What do you mean by that? Well, one of the big fears in recent weeks has been around the level of insurance cover travellers to green list countries would have. As it stands, anyone who travels to a country contrary to official advice invalidates whatever travel insurance they have, but the advice for these countries has now changed…or at least it sort of has.

At the start of this week, Insurance Ireland warned that being on a green list “does not equate to a relaxation of the non-essential travel policy” but the downgrading of the official advice does seem to equate to a relaxation of that official policy – but if you are planning a trip to Greenland this weekend you’d be as well to contact your travel insurance provider to check.

Right, so we have a list that says here are some countries you can go to but don’t go to them. Yes. It’s a Schrödinger’s List of places you can simltaneously travel to and not travel to.

No sign of Spain on the list? No, but that was not a surprise. The most popular country for Irish holiday makers did not make it over the line as a result of concerns about a rise in the rate of infections there. France, Portugal, the UK and the US, which are all pretty popular for Irish travellers, did not make it either.

Anything else? Yes, the new advice makes it clear that that all passengers, no matter what country they are flying in from will still have to fill out a Passenger Locator Form to allow for contact tracing after their arrival. Plus tighter controls are to be implemented on passengers travelling between countries not on the “green list” – with random testing for Covid-19. At present, arrivals in Ireland only have to fill in a passenger locator form and agree to self-isolate for a fortnight. And is the green list now set in stone? No. It will reviewed every fortnight, so there is a possibility that a person might travel to a green list country one weekend only to find it off the green list before they return home. When The Irish Times has asked Government sources where this would leave travellers, the answer was not entirely clear. How has the list been received? Not entirely well by political opposition. The Sinn Féin transport spokesman Darren O’Rourke said it sent out sent out contradictory and confusing messages, while Róisín Shortall, co-leader of the Social Democrats, described it as “meaningless” as the advice from the National Public Health Emergency Team was that no non-essential travel should be undertaken.
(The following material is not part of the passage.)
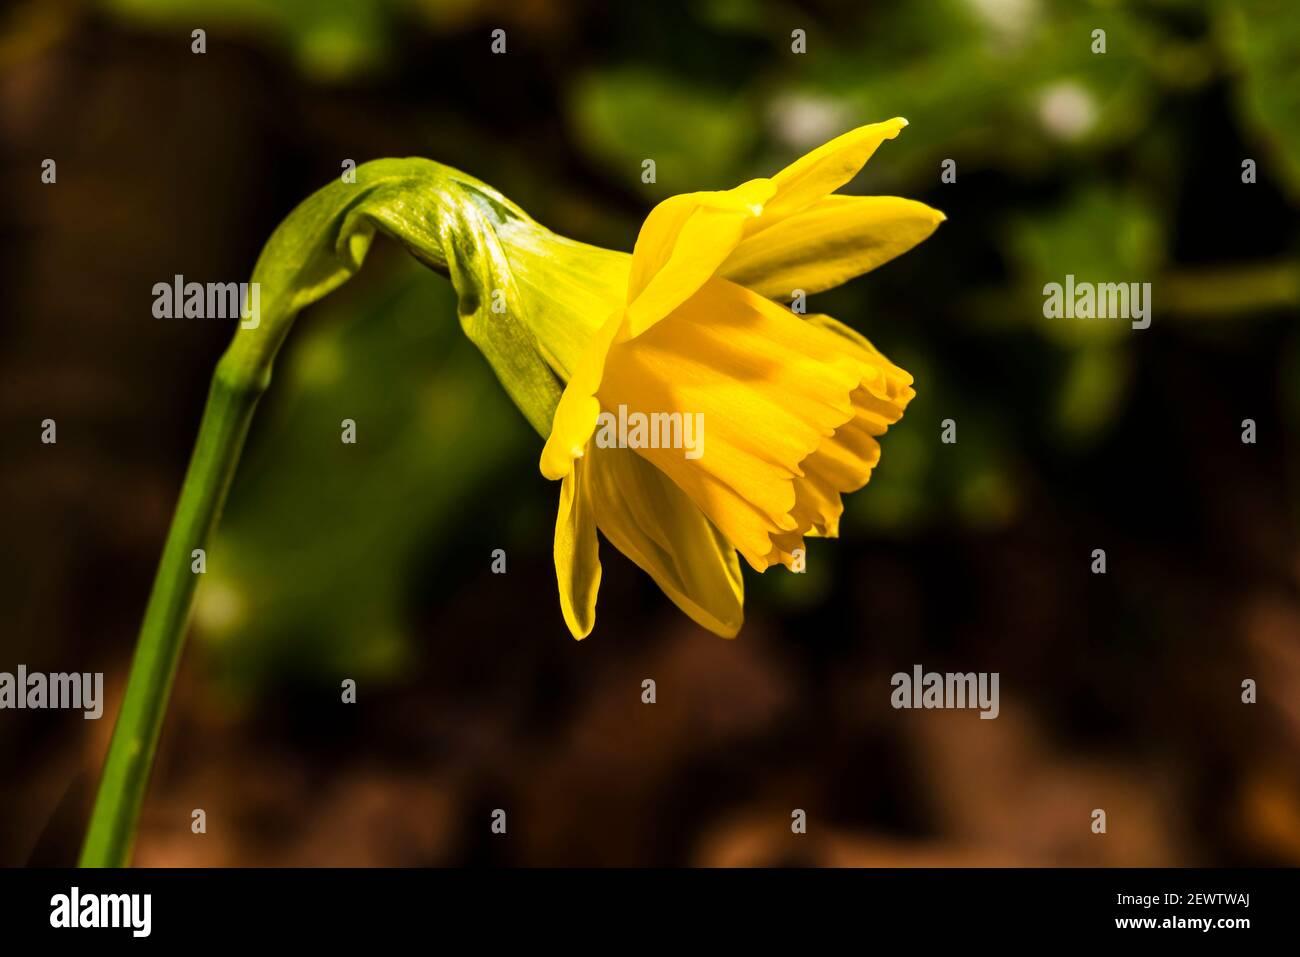 Primer plano de un daffodil enano de finales de invierno en el norte de Londres, Reino Unido Foto de stock

But flights are already taking off and landing in Ireland right? They are. The country was never hermetically sealed. But less than a quarter of the flights that would normally fly into and out of Ireland are doing so and passenger numbers are down by in excess of 90 per cent.

Will people from the countries on the list now come to Ireland? They are certainly more likely to do so now that they do not have to self-isolate or restrict their movements upon arrival. While much of the focus of the conversation is on Irish people going to other countries, international travel works both ways. Ireland is a pretty popular destination for people in at least some of the countries on the list. And are we open to having tourists here? To say things are strange right now is an understatement and many people are as afraid of tourists coming in to Ireland as they are of leaving Irelad themseelves. Having said that, the tourism market is in just as much disarray in Rome as in Roscommon so the notion that simply because they are now on a green list, we will seen a massive surge in visitors from Italy or Greece in the days ahead seems somewhat unlikely. People tend to make their holiday plans weeks if not months in advance and – just as here – the appetite for international travel is not great in most countries. So are we done with talk of overseas travel for now? Don’t bet on it.